Yannick Murphy: Signed, Mata Hari

Yannick Murphy: Signed, Mata Hari

Mata Hari isn't the original femme fatale, but she's certainly one of the most famous. An exotic dancer accused of passing military information to the Germans during World War I, and subsequently executed, her story needed little embellishment to pass onto the silver screen, where portrayals by Greta Garbo and Jeanne Moreau asserted her guilt and her glamour. Both elements are present in Yannick Murphy's fourth book, Signed, Mata Hari, but the novel complicates the image of the woman, in part by betraying its own narrative leanings.

While Mata waits in a dank French prison for her final appeal, she follows her life along two different threads: In one, Mata, born Margaretha, is a lonely, rebellious Dutch girl who escapes her father by becoming a mail-order bride to a naval officer named MacLeod.
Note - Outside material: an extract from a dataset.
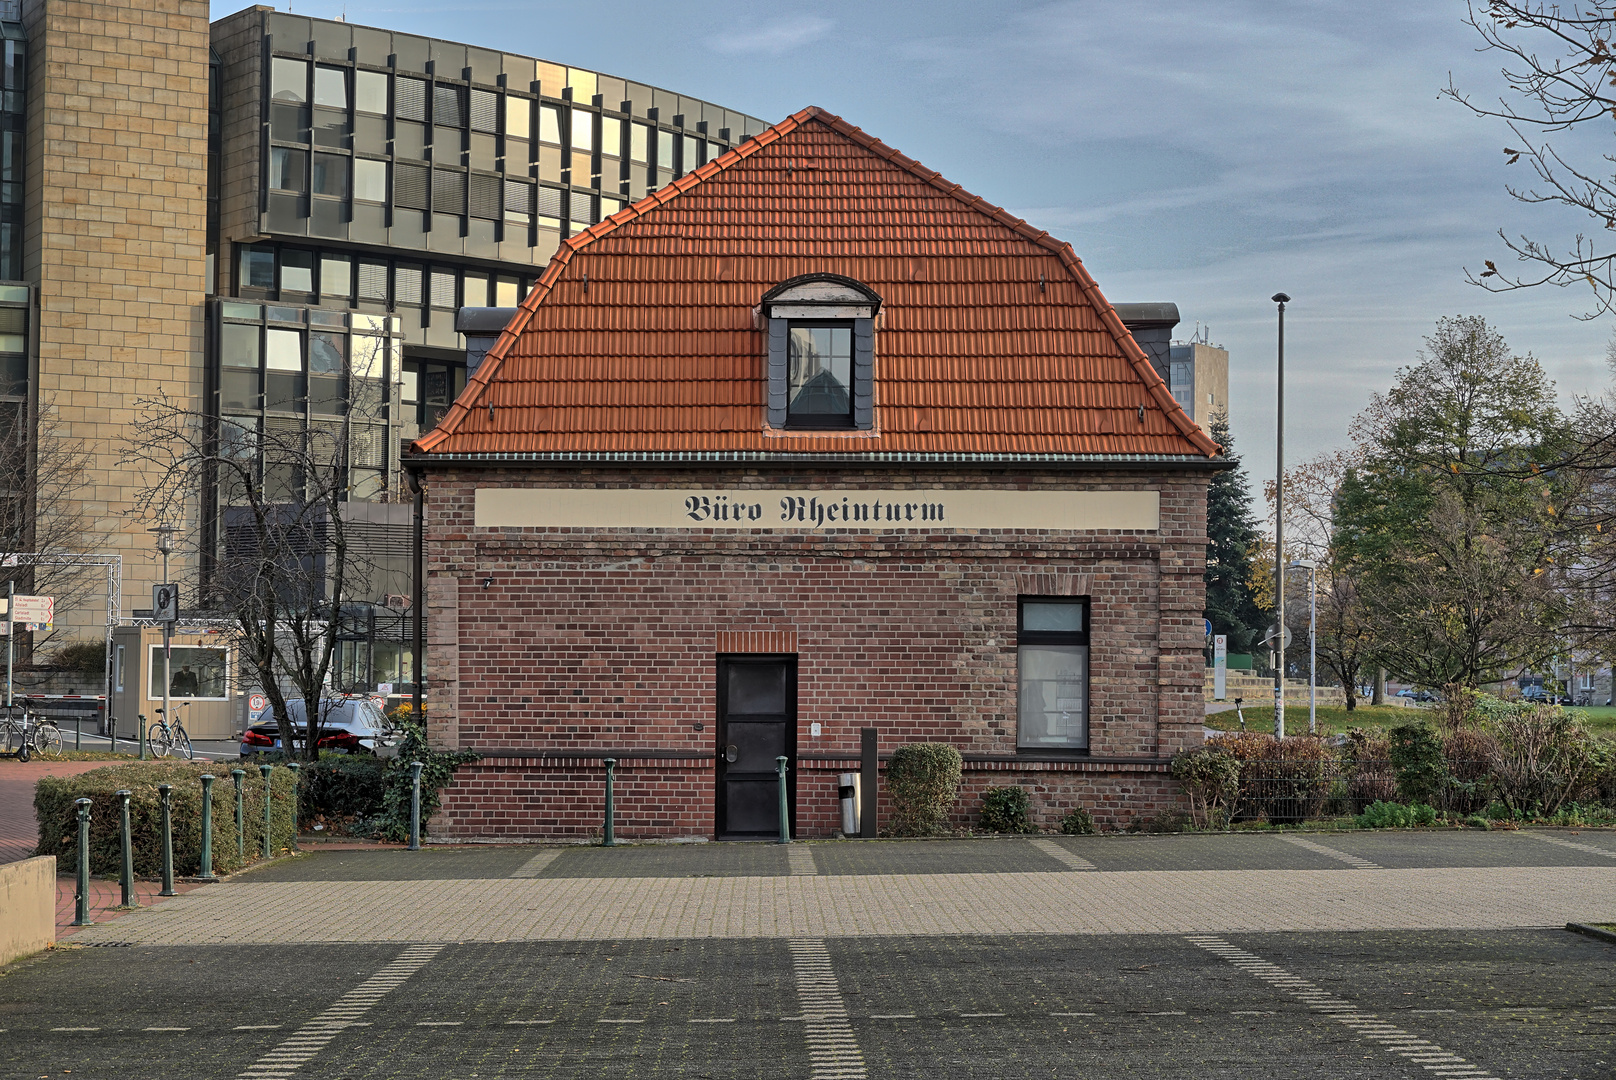 Büro Rheinturm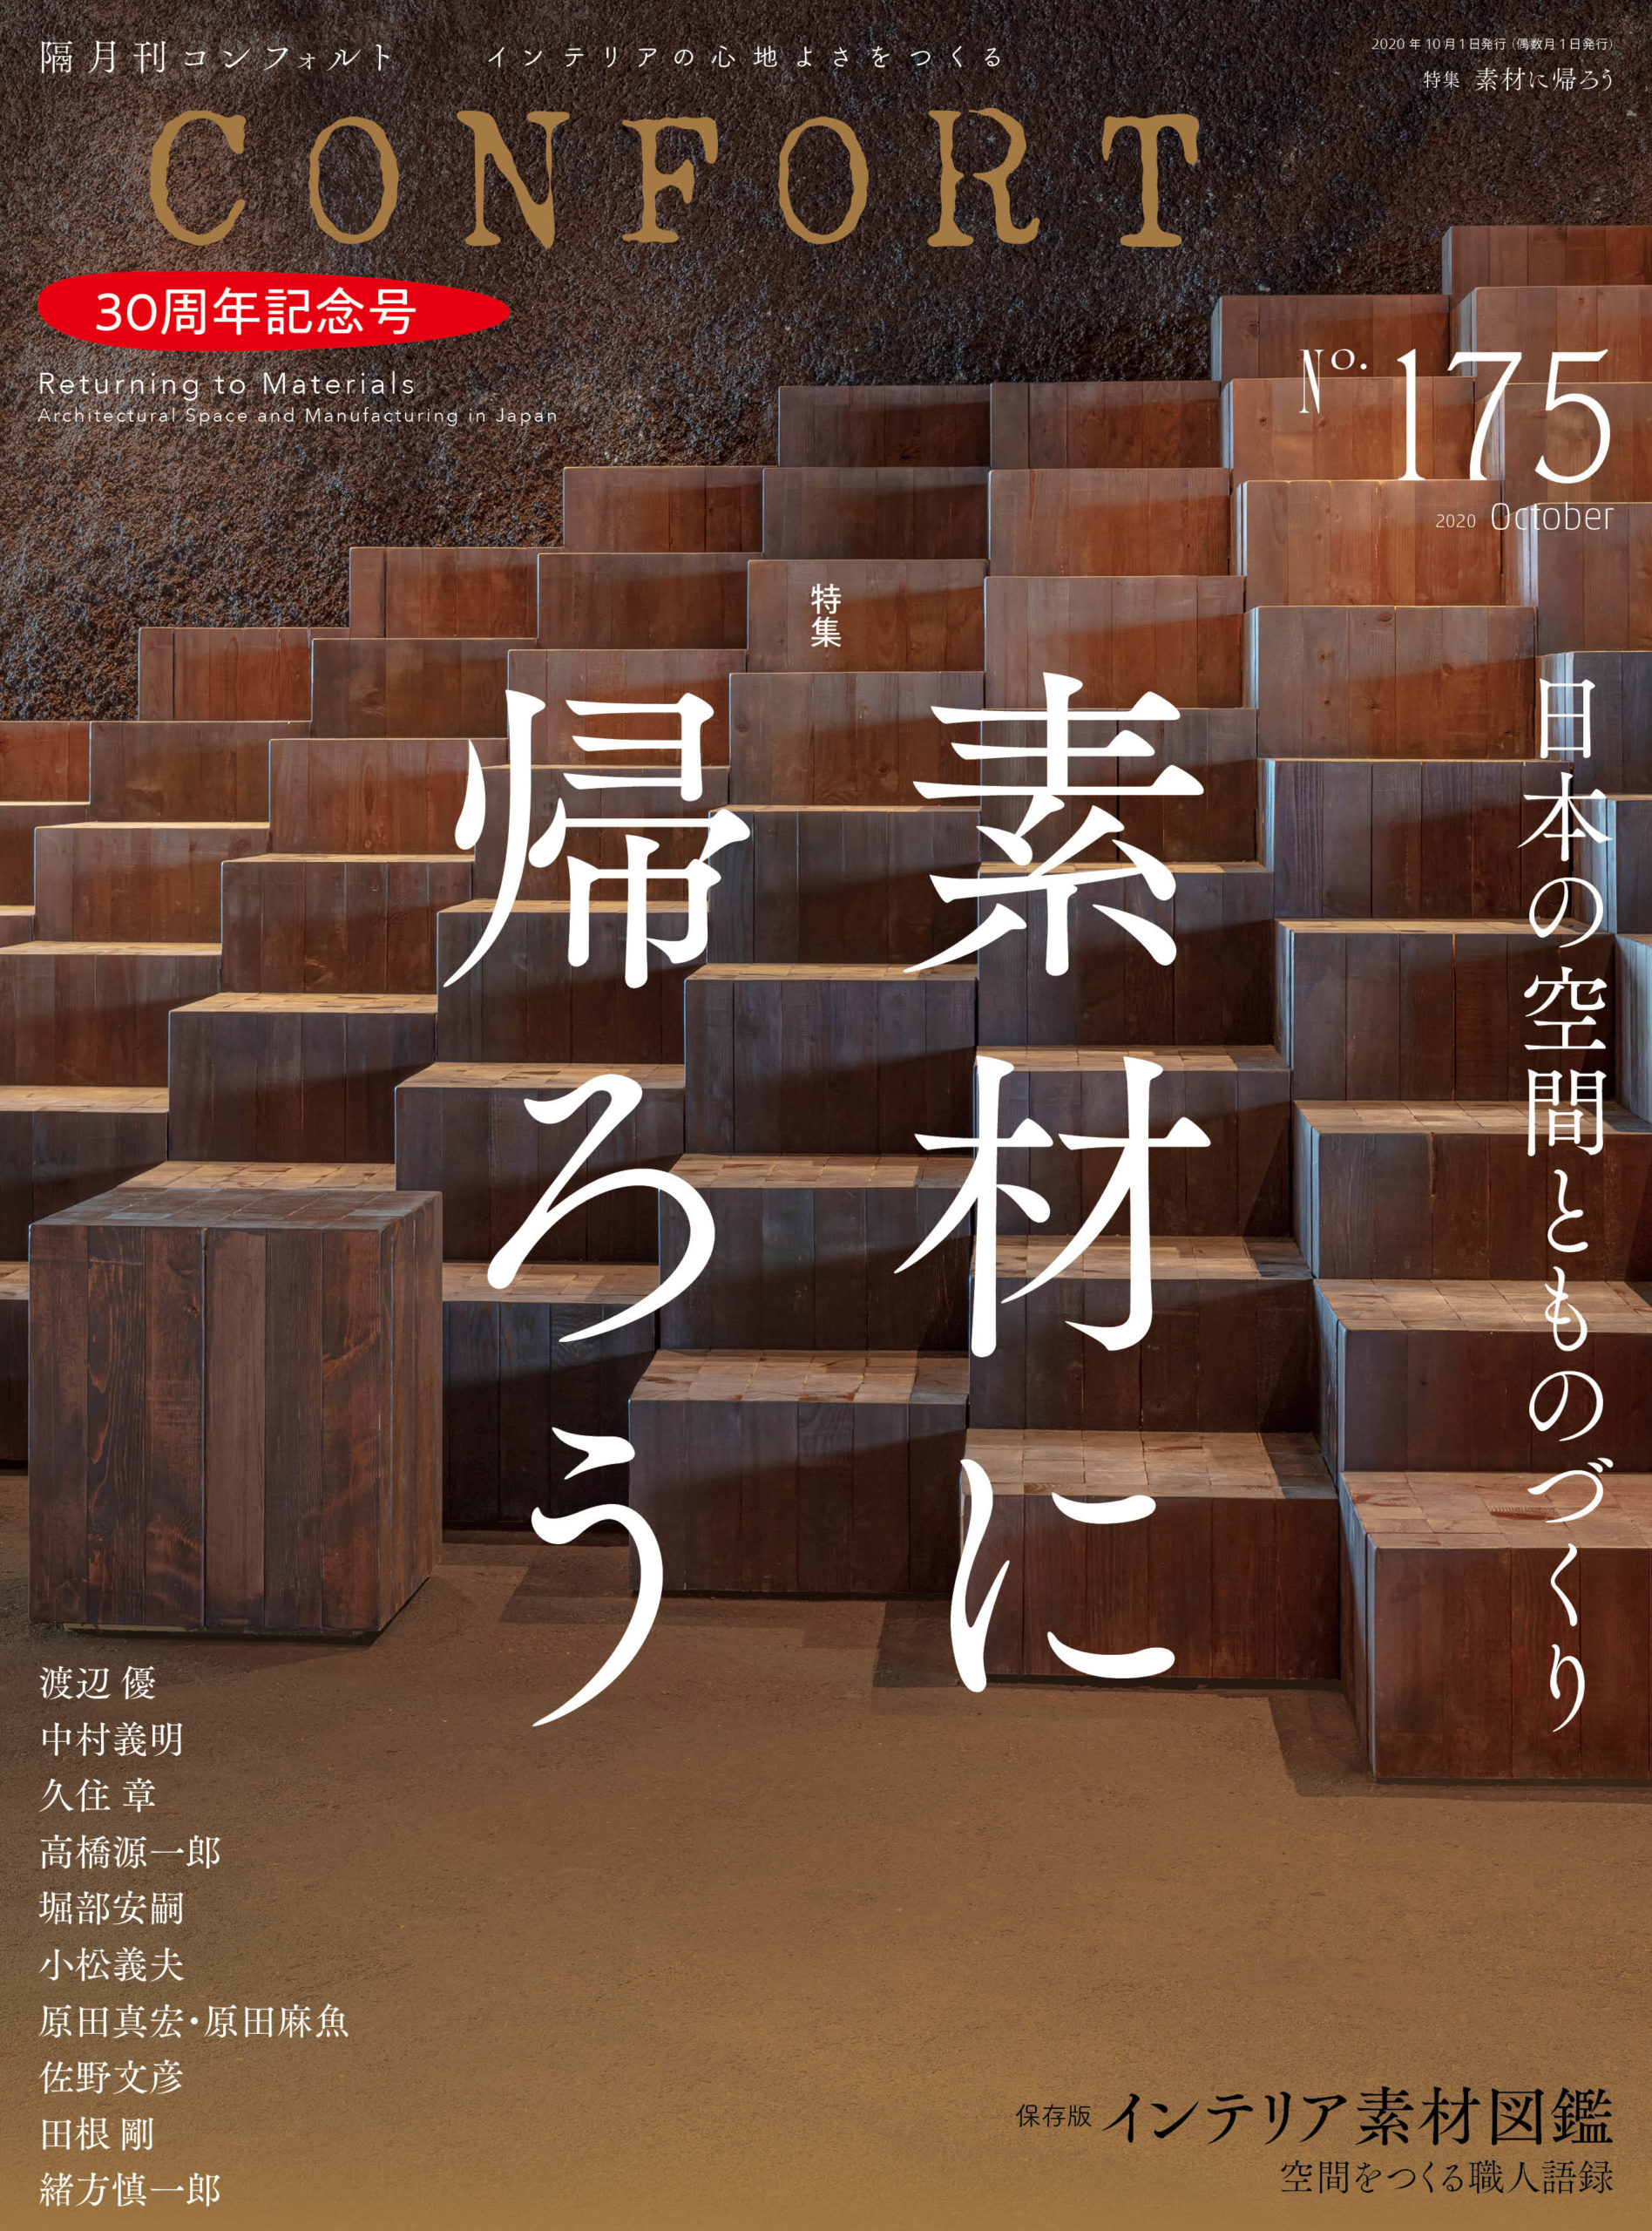 30周年記念号 素材に帰ろう 日本の空間とものづくり 発売 雑誌 コンフォルト Confort

When MacLeod is posted to Java, his young bride evokes his ire by wearing sarongs, speaking Malay, taking her new name, and neglecting their children in favor of exploring the countryside. At the same time, Mata takes ironic stock of the accusations against her, and of her career as a famous dancer touring Europe, with a lover in every city. Through dreamlike interludes often interrupted by the lawyer prosecuting her case, she relives her supposed treachery, which began when her Javanese-inspired act brought her into contact with ranking officials on both sides of World War I, through ironic asides that begin, "If you want to be a spy…"

Murphy shows an uncanny technical mastery in her manipulation of these stories as she switches among first-, second-, and third-person perspectives to reconstruct a woman who's just as conflicting a figure today as she was during the war. The picture she composes, unsurprisingly, contradicts itself at several points, but not from any sense of essential vagueness; like Walt Whitman, Mata Hari contains multitudes. Not all of them are equally attractive, of course, and young Margaretha's absorption into Java particularly feels like well-trod ground, but Murphy never entirely unseats the mystery that attracted people to the Mata Hari myth in the first place. Instead, Signed, Mata Hari acts as a gloss on her popular image, paired with a personal and often tragic interior history.